[DATA EXTRACT — start]
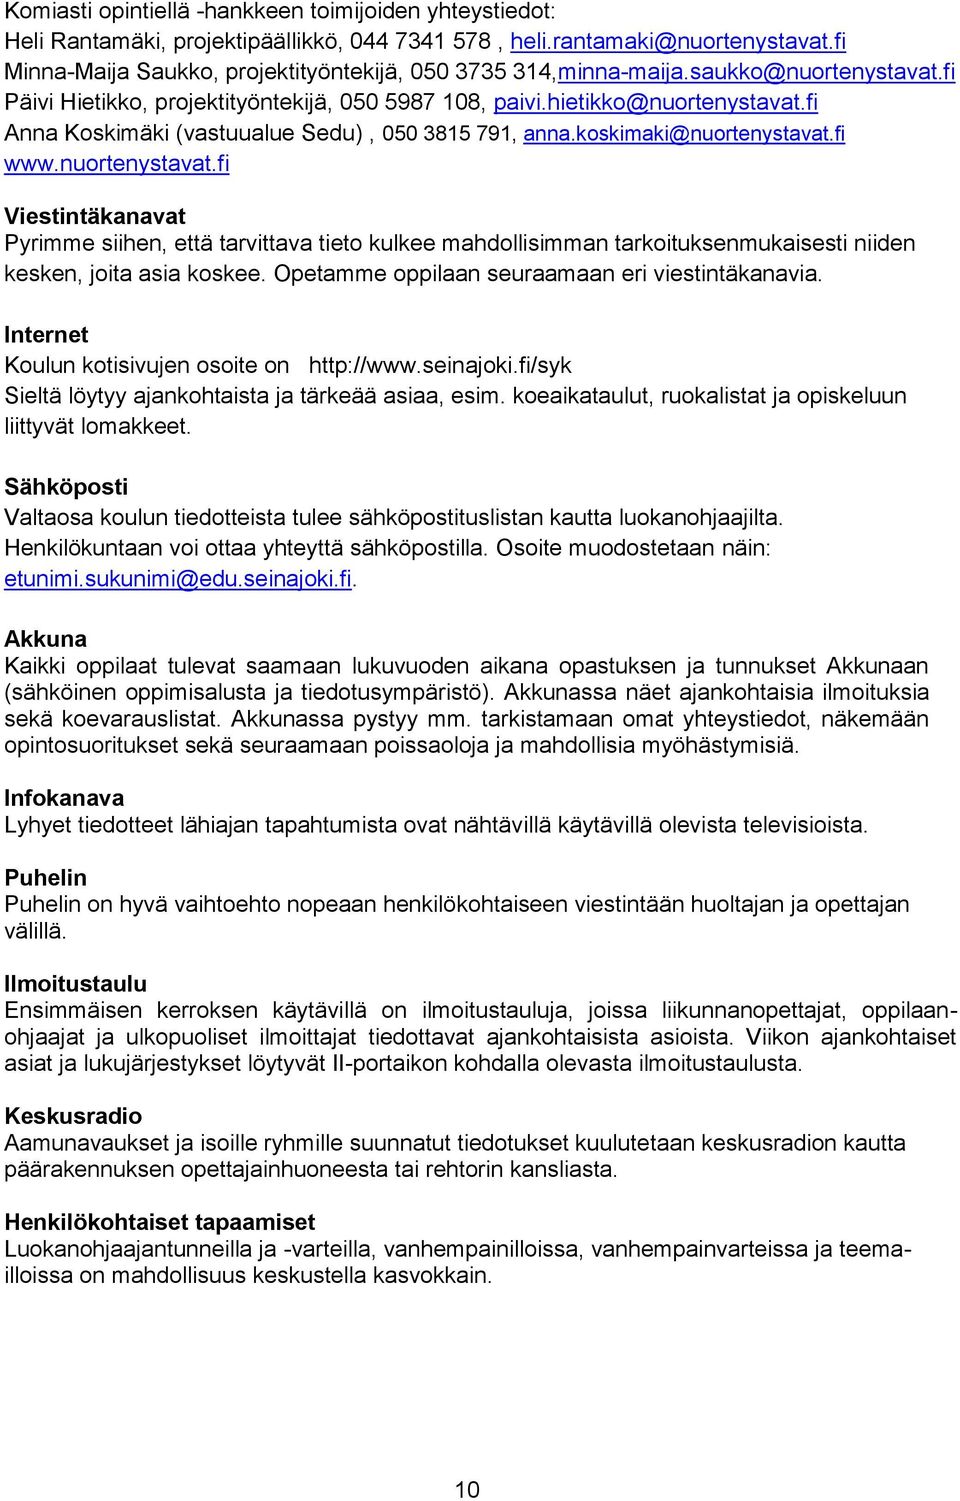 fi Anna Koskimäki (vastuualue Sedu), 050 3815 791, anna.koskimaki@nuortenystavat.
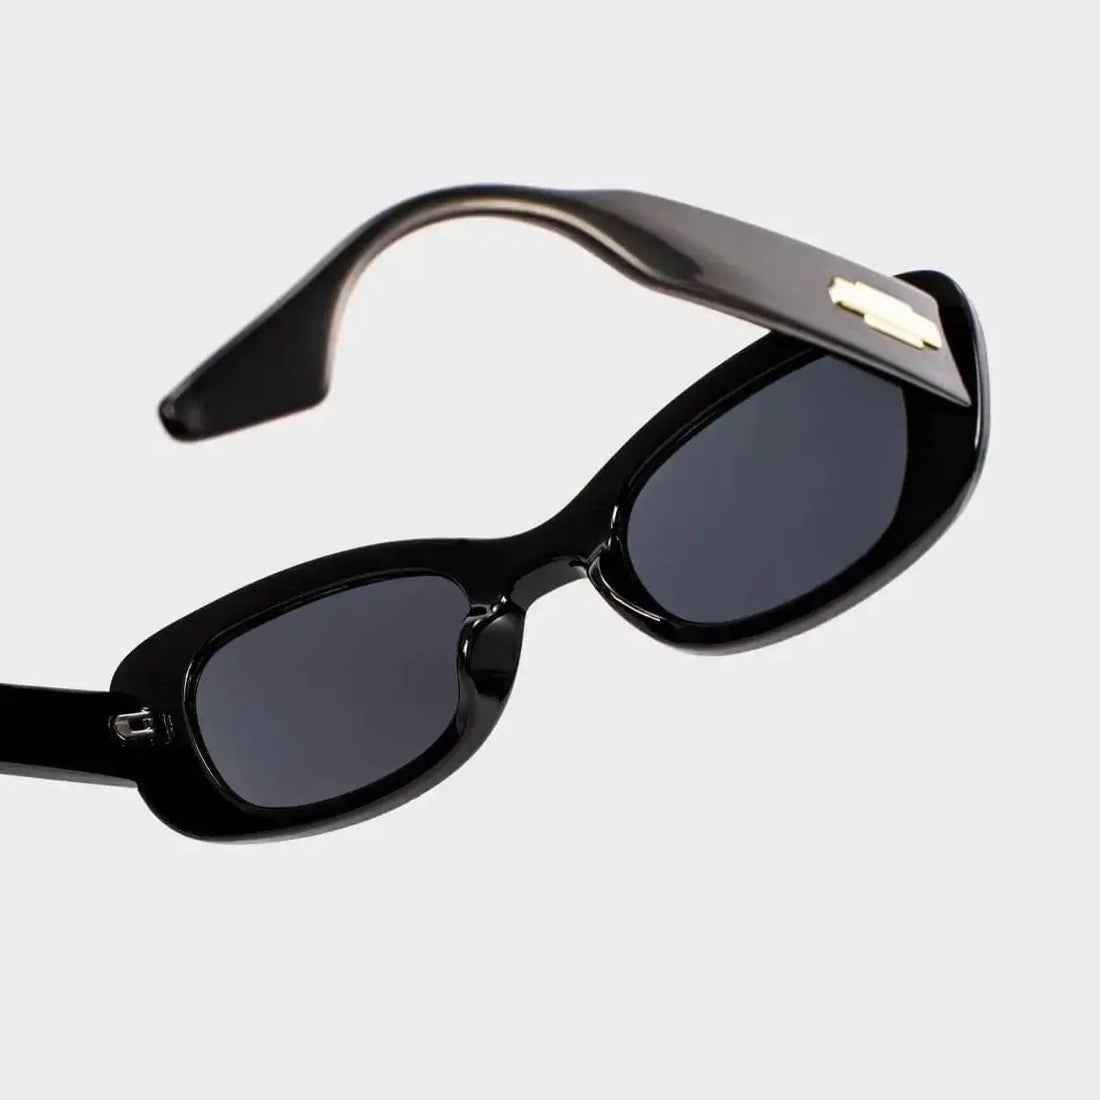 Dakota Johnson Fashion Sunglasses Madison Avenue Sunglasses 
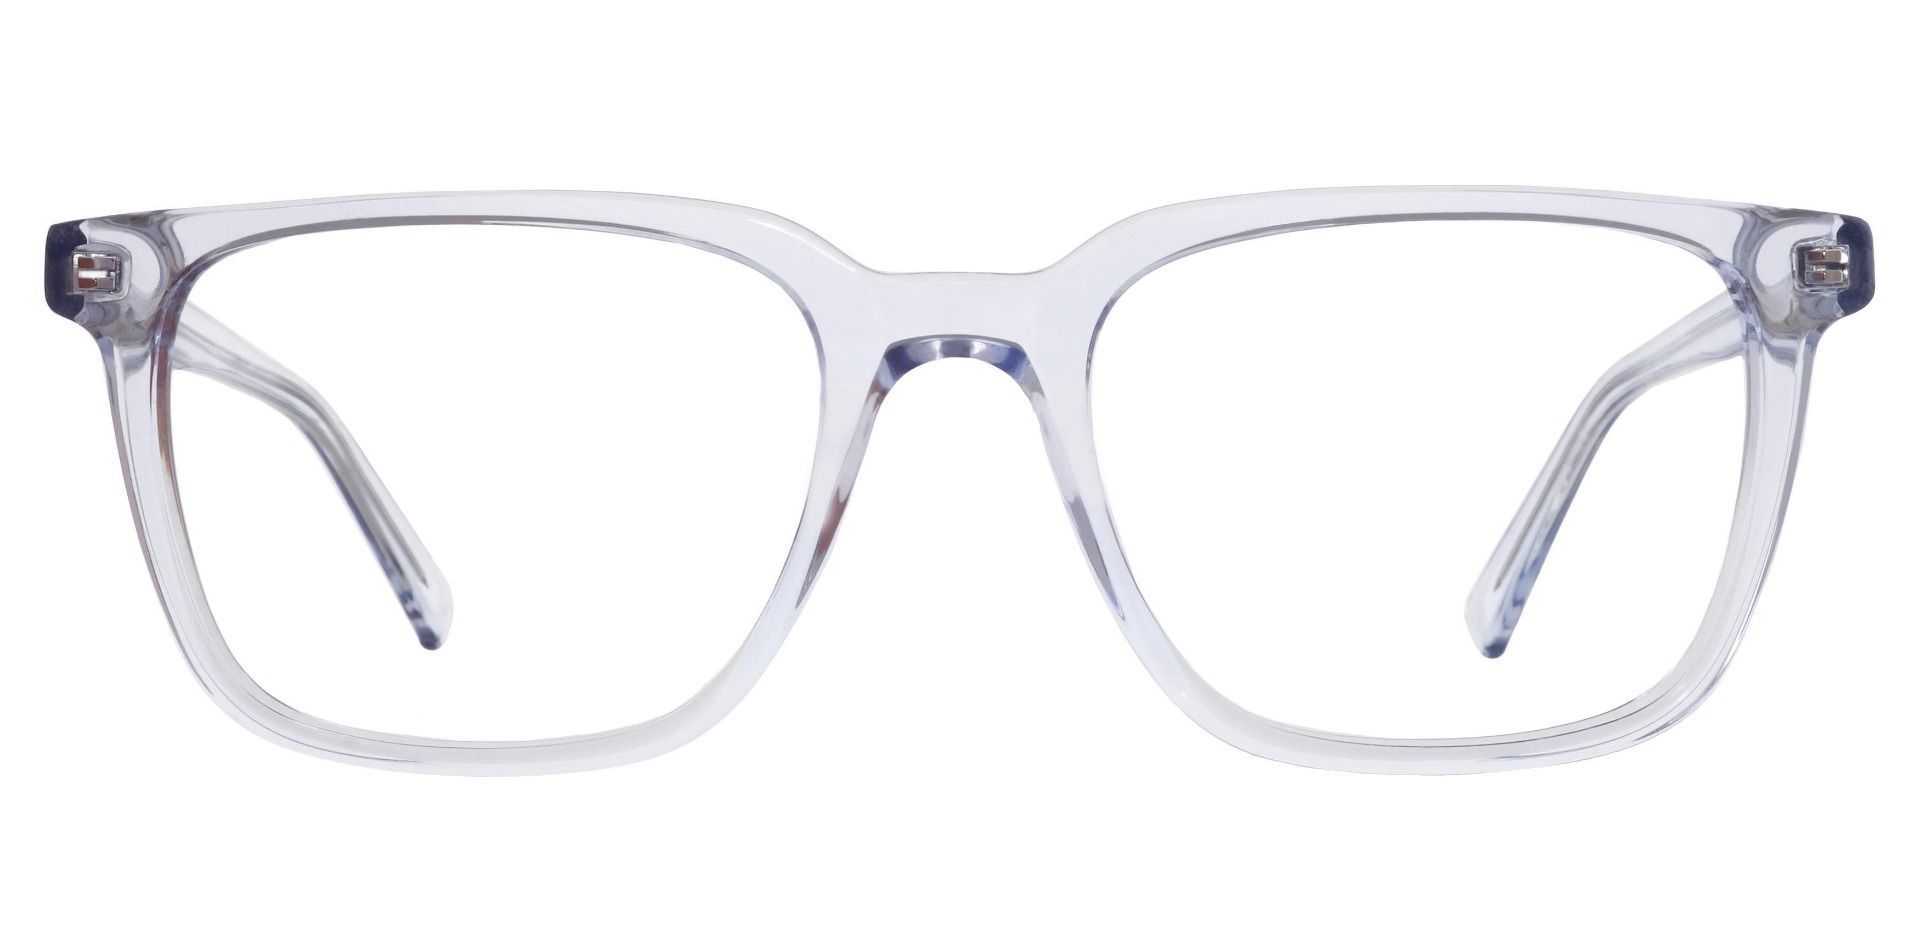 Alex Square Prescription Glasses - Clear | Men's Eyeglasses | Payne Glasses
[DATA EXTRACT — finish]
EXERCISE GOAL: Copy out the listing word for word and skip its pictures.

TASK SOLUTION:
 fi Anna Koskimäki (vastuualue Sedu), 050 3815 791, anna.koskimaki@nuortenystavat.
 Dakota Johnson Fashion Sunglasses Madison Avenue Sunglasses 
 Alex Square Prescription Glasses - Clear | Men's Eyeglasses | Payne Glasses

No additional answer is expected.